We’re all in this together


Over the last few weeks events around the world have made most of us take a closer look at who we are and how we conduct ourselves around people who are of a different race, religion, ethnicity, etc. The #blacklivesmatter and #nojusticenopeace movements across America and now the world have invoked many conversations within households and over a wide range of communities. What role have you played in promoting racial bias? How silent have you been as parents with regards to racial inequality in your homes? If you are a black American then you will have started to have these conversations with your children (especially young boys) from a very young age, and as I am not black, or living in American, I can not even fathom what that conversation could look and feel like. 

You might feel that you are not racist and so you do not need to have these conversations with your children, however if as parents we do not celebrate differences and similarities between cultures, religions and races then we are not promoting inclusivity. Our silence does not guarantee the fact that we have not raised racist children. Having lived in an international community all my life I have experienced being different, and have seen my children experience being different thus I have made a point to have conversations around their experiences and mine. The main focus of our discussions always end up around the following concepts: respect, empathy and inclusivity. 

Monkey see, monkey do.

How we talk about those different to us around our children will be how they view the world. If we have conversations that are generalized and promote racial, religious and ethnic bias then our children will pick up on the nuances, language and attitudes we express and mimic them in their world. When children come home from school and talk about someone who looks different to them, it is important to make sure that the language used is respectful. When we have conversations about skin colour we look at what is the same and what is different and how everyone is beautiful the way they have been born. We compare ourselves to what nature has shown us in plants and animals, and how none is better than the other but unique in its own way. We celebrate who we are but also celebrate the diversity in the world around us. These discussions can also crossover into conversations around different religions and ethnicities. Because let’s face it, this world has many prejudices, the biggest being race. 

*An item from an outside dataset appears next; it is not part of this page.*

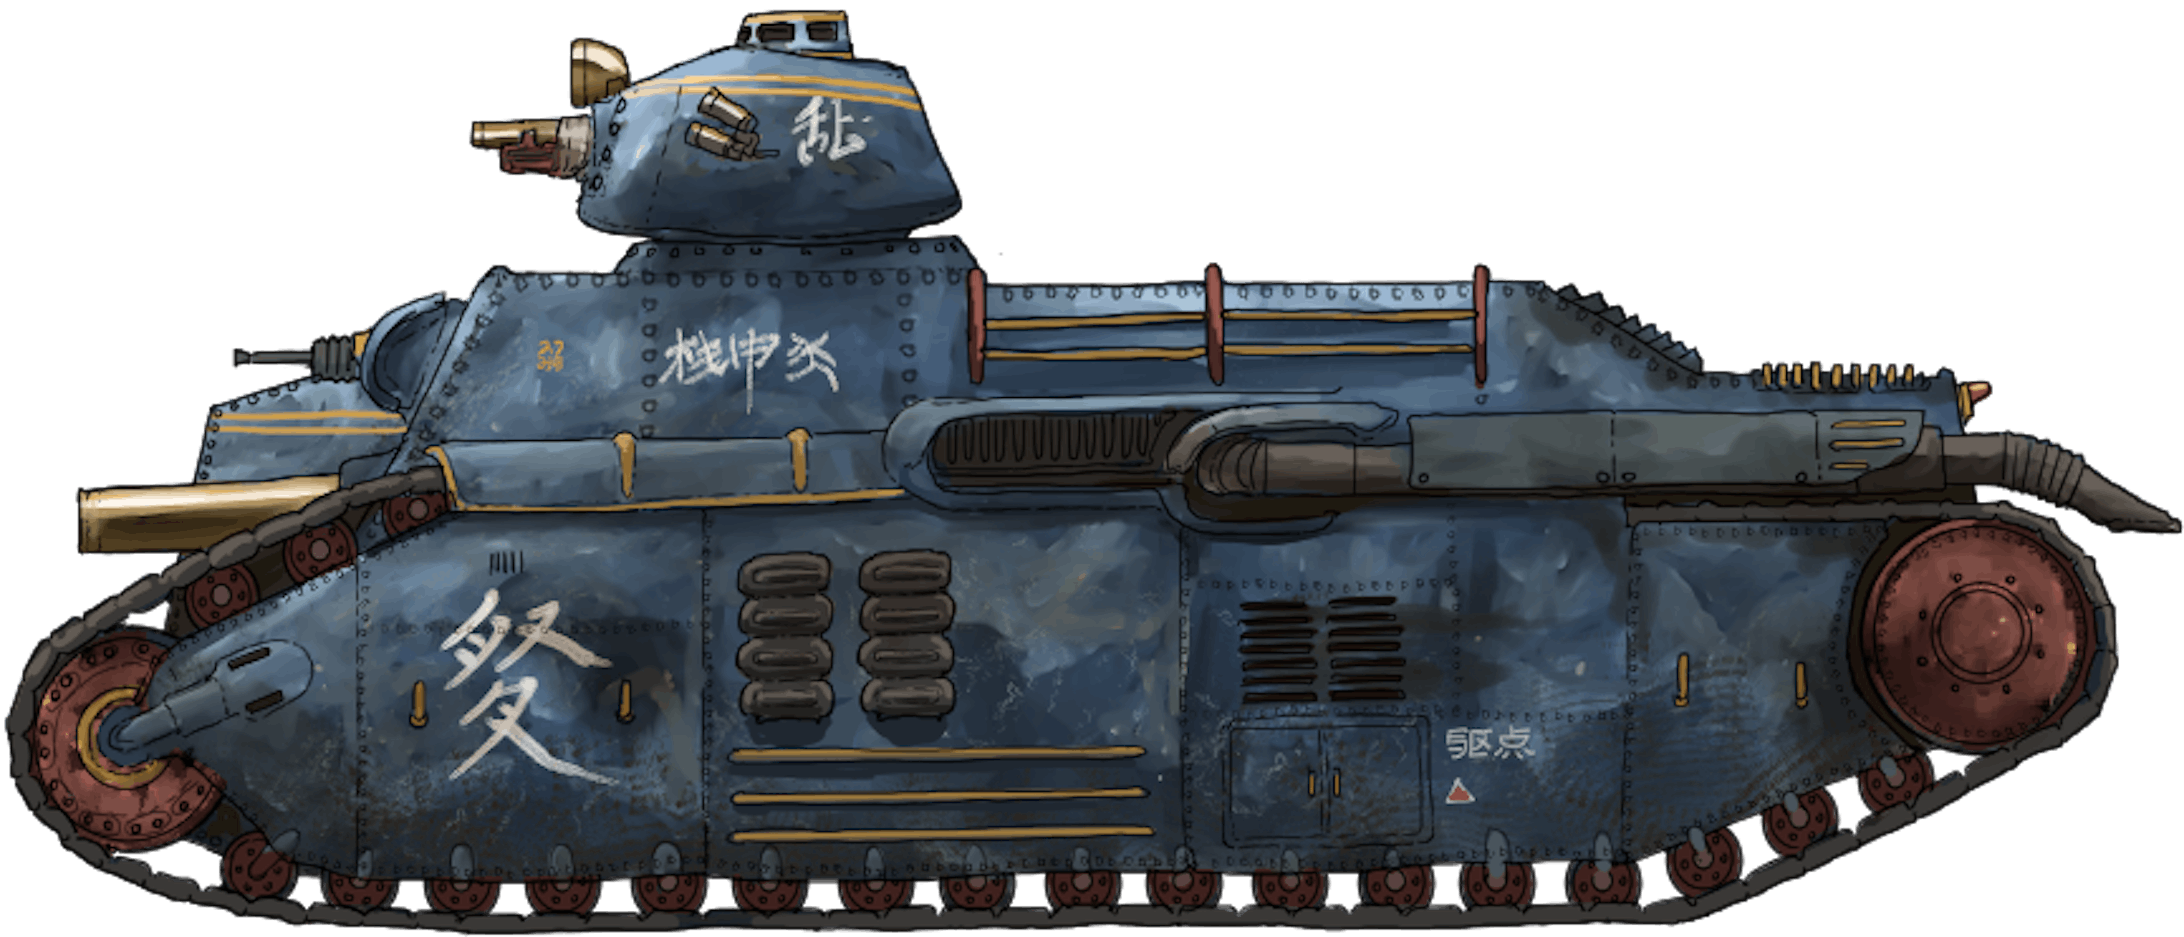 乗り物デザイン 戦車
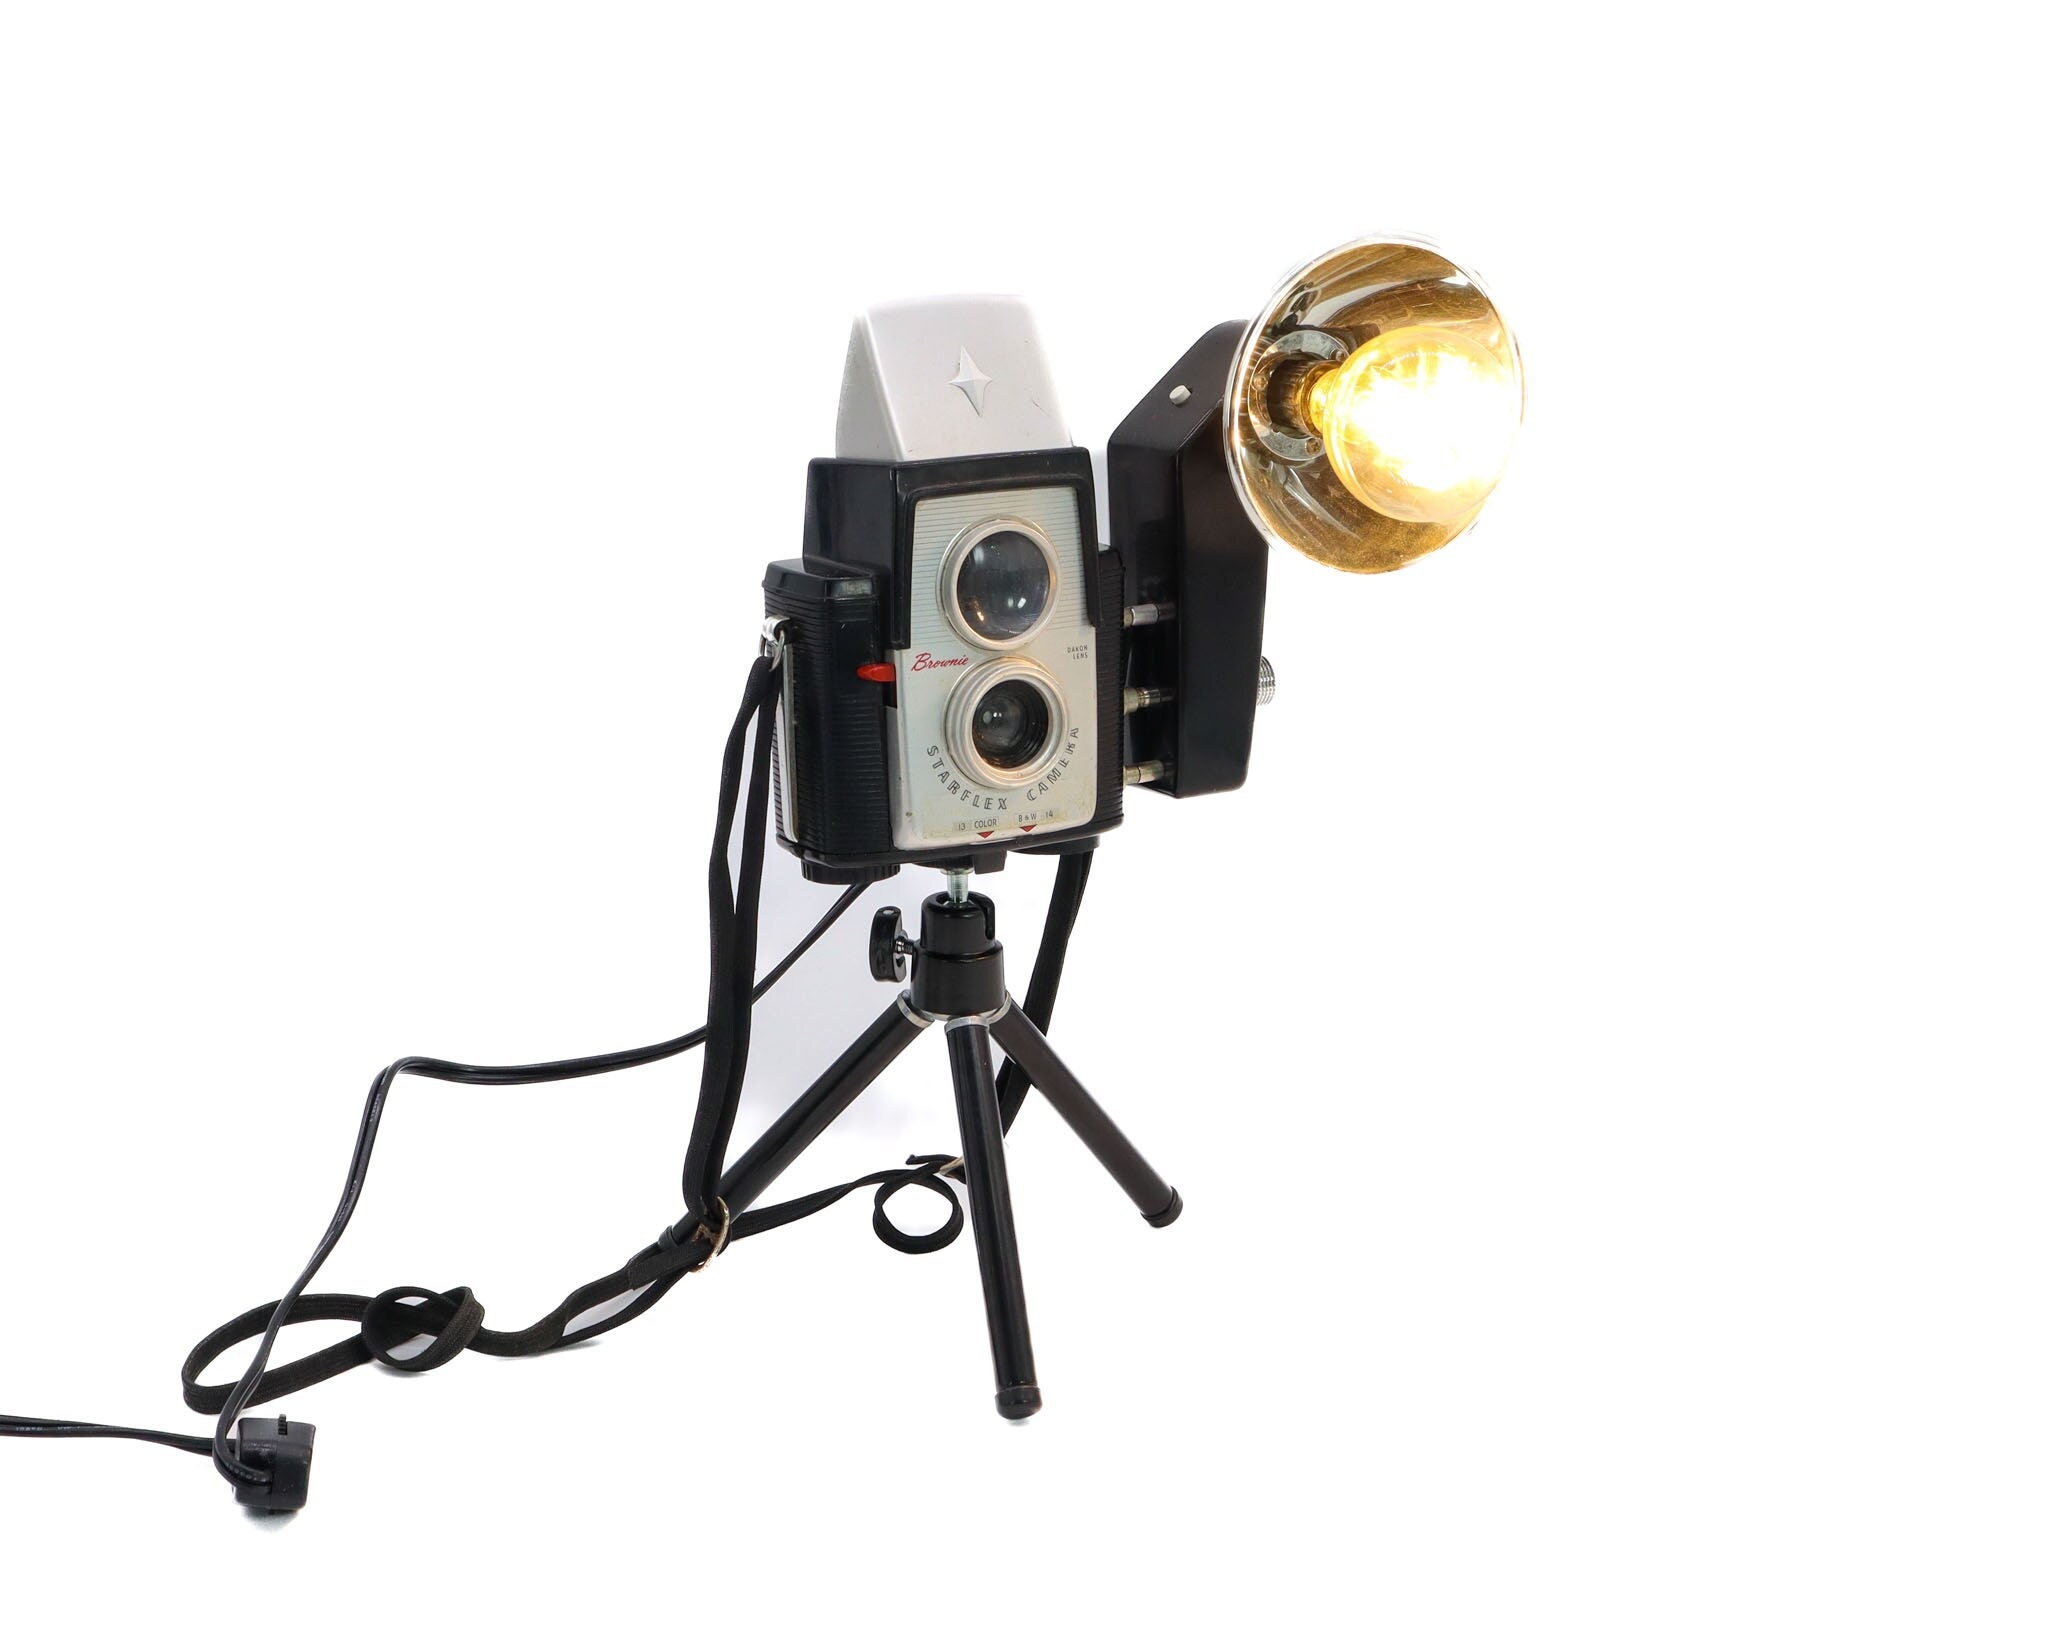 Lampe projecteur vintage trépied RALF

Do unto others as you would them to you.

Modeling behaviour is key when we are raising young and impressionable minds. However teaching them to be mindful of others is also very important. When you are having a bad day, the best thing that could happen to you would be someone to hold your hand and give you permission to have a moment to recover. That connection is empathy. Empathy holds an important role in social and emotional intelligence, and how you empathise as a parent can make a huge difference in how your children learn to empathise with the people in the world around them. In our fast paced and forever changing world we are losing our ability to connect with those closest to us, so how do we expect them to practice empathy when we ourselves don’t make an effort to make time for it. 

‘We all should know that diversity makes for a rich tapestry, and we must understand that all the threads of the tapestry are equal in value no matter what their colour’~Maya Angelou.

In addition to nurturing empathy, it is important to expose our children to the many different races and cultures of the world. Read stories from around the world, watch movies in different languages and try to connect with people in your community who are not the same as you. As parents when we venture out of our comfort zones to make friends with and ‘break bread’ with people from different backgrounds and cultures than our own we create a normalcy in being different such that being different is not the main point of conversation any more. It also means that the feeling of belonging is not restricted to finding people who look like you, speak the language you speak or worship the same way that you worship. Rather the feeling of belonging breaks these barriers and becomes more about being seen and heard for who you are and not what you are.